Selma Gürkan tarafından yapılan açıklama şöyle:

"Kılıçdaroğlu'nun amacının iktidar partilerinin elinden “türban kozunu” almak olduğu günlerdir medyada tartışılıyor.

Devlet bürokrasisinin çoğu kadroları neredeyse tarikatlar-cemaatler arasında paylaşılmışken, ilköğretimden üniversiteye kadar eğitimin her kademesinde benzer bir kadrolaşma yaşanırken, eğitim müfredatı “değerler eğitimi” adı altında dincileştirilirken, medyada siyasal dinci yayınların hâkimiyeti artarken ve Diyanet başlıca siyasi kurumlar arasında en yüksek bütçe desteği ile yer almışken tek sorun kadınların başörtüsüymüş gibi davranmak ve tıpkı iktidarın yaptığı gibi onu siyasi bir açılımın simgesi olarak öne sürmek bir yanlışlığa imza atmaktır.

İktidar, zaten yasalarda bir kavram olmaktan başka bir karşılığı olmayan laikliği iyice kuşa döndürmüş ve siyasal dinci propagandanın eşliğinde faşist bir rejimin inşasına yönelmiştir.
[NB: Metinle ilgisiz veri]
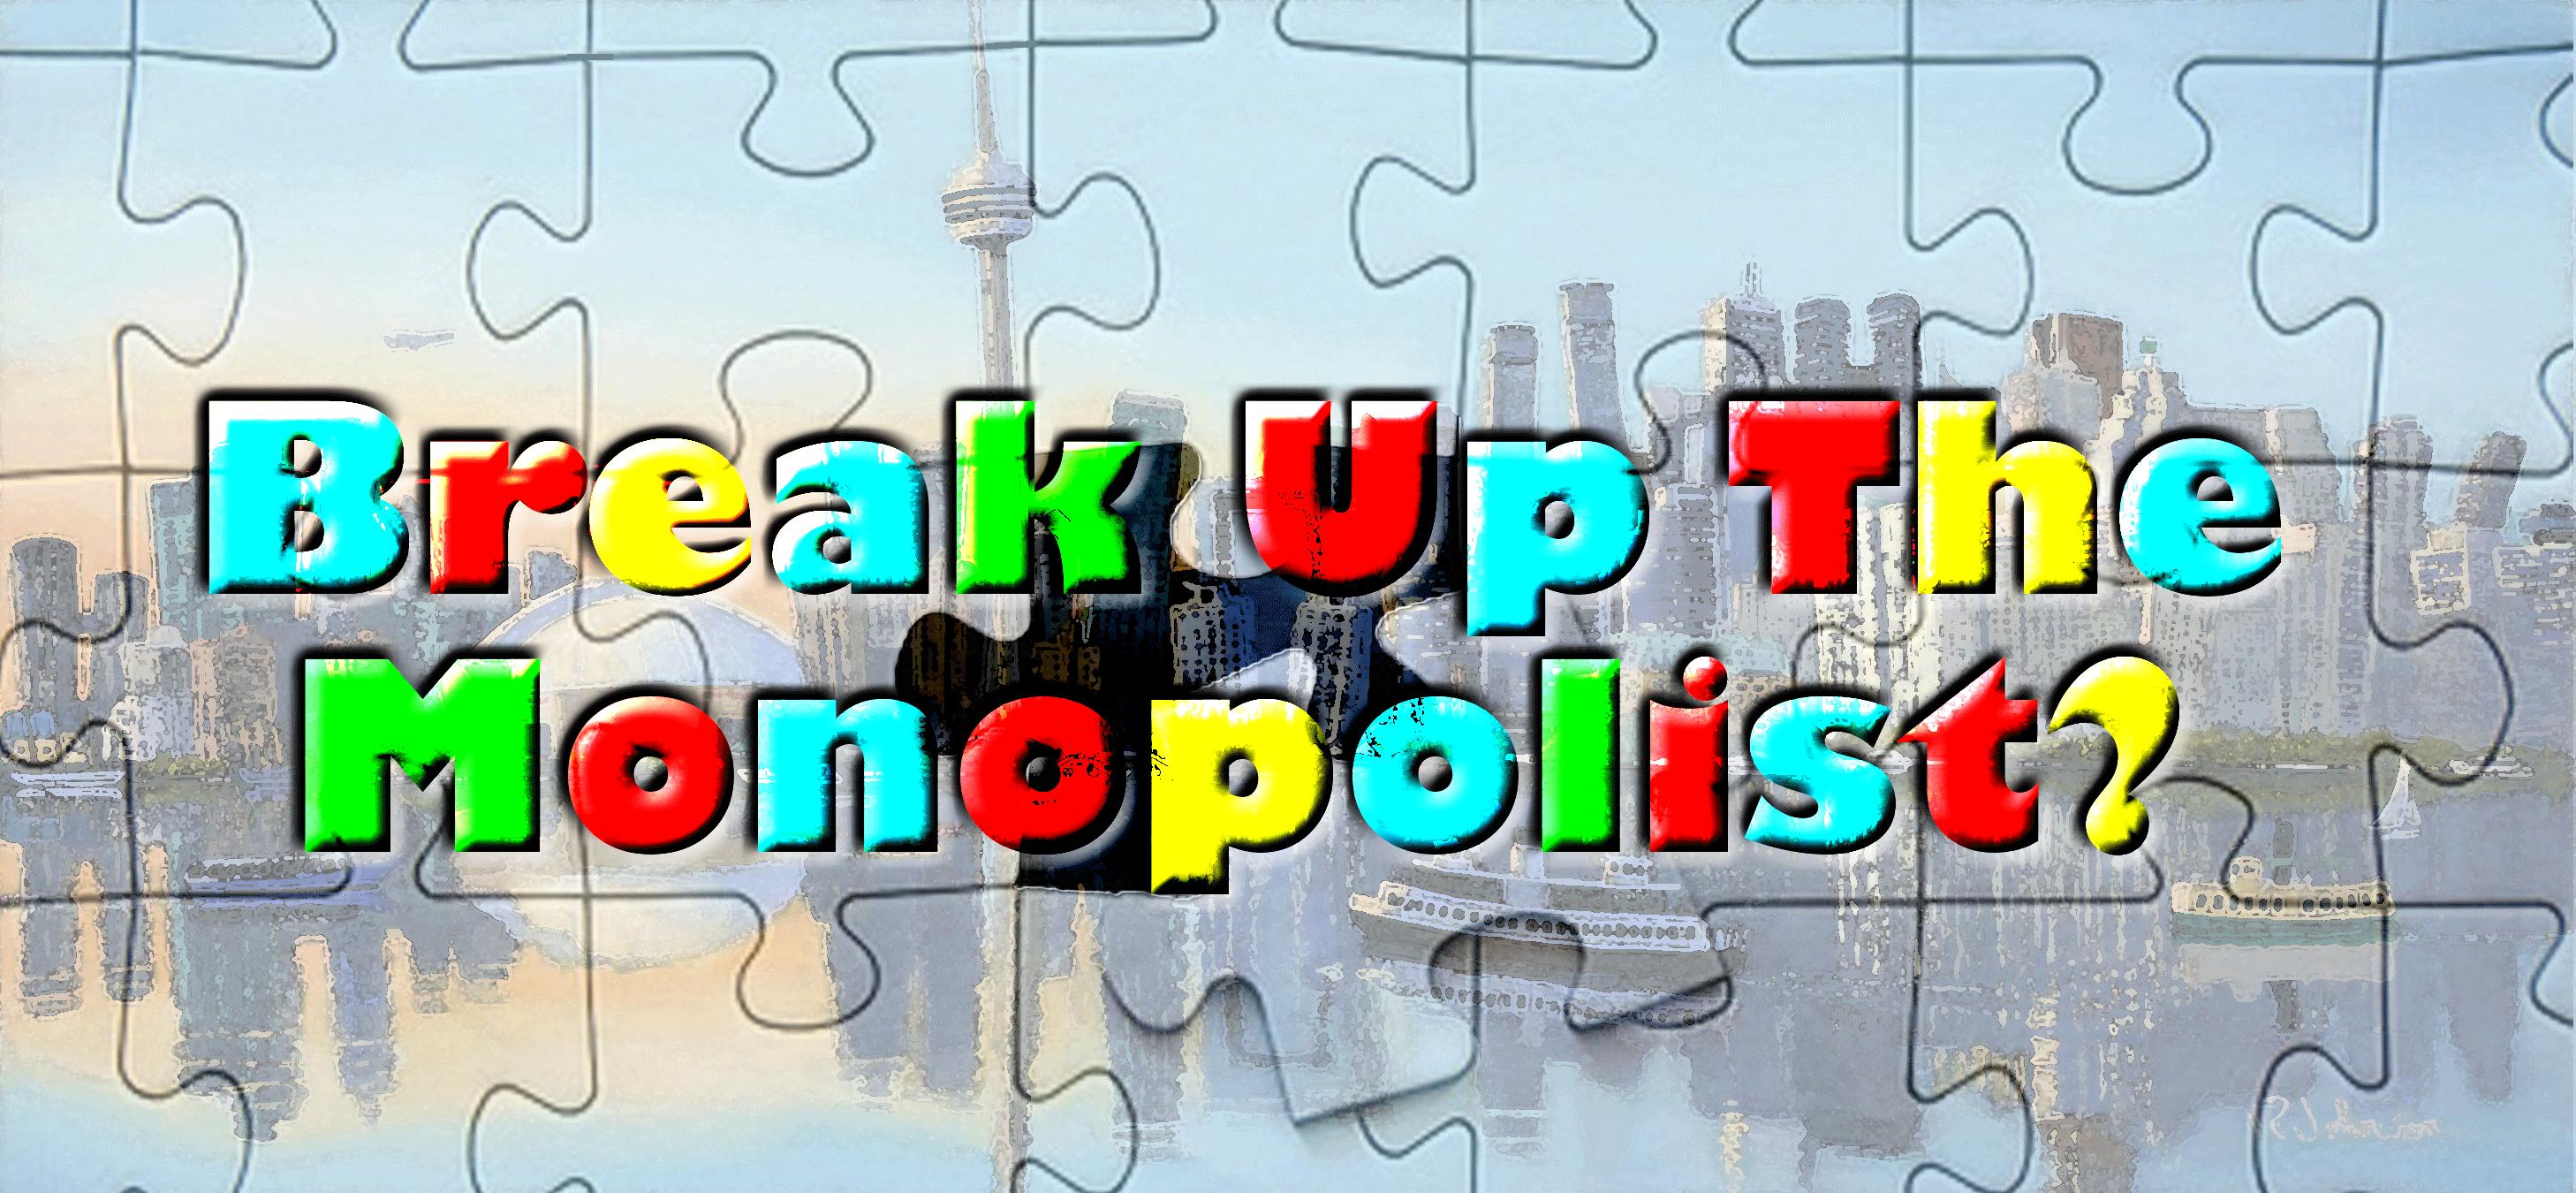 monopolist?

Bu sürecin en çok istismar edilen kesimi kadınlardır.

"LAİKLİĞİN SINIRLI UYGULANMASINDA BİLE KADIN HAK VE ÖZGÜRLÜK MÜCADELESİNİN PAYI VAR"

AKP’li yıllarda kadına yönelik şiddet daha da artmış, kadın cinayetleri çoğalmış, kadının giyiminden davranışına kadar fetva üstüne fetva yağdırılmıştır. Kadının kaç çocuk doğuracağı, nasıl doğuracağı, kaç yaşında evleneceğine kadar her şey yasalarla belirlenmeye çalışılmış ve çalışılmaktadır. Bunlara bir de fiili baskılar eklendiğinde mevcut iktidarın düzeni kadınlar için yaşanamaz bir düzen haline gelmiştir. Emekçi kadınların yaşadığı yoksulluk ve şiddet ise bunun cabasıdır.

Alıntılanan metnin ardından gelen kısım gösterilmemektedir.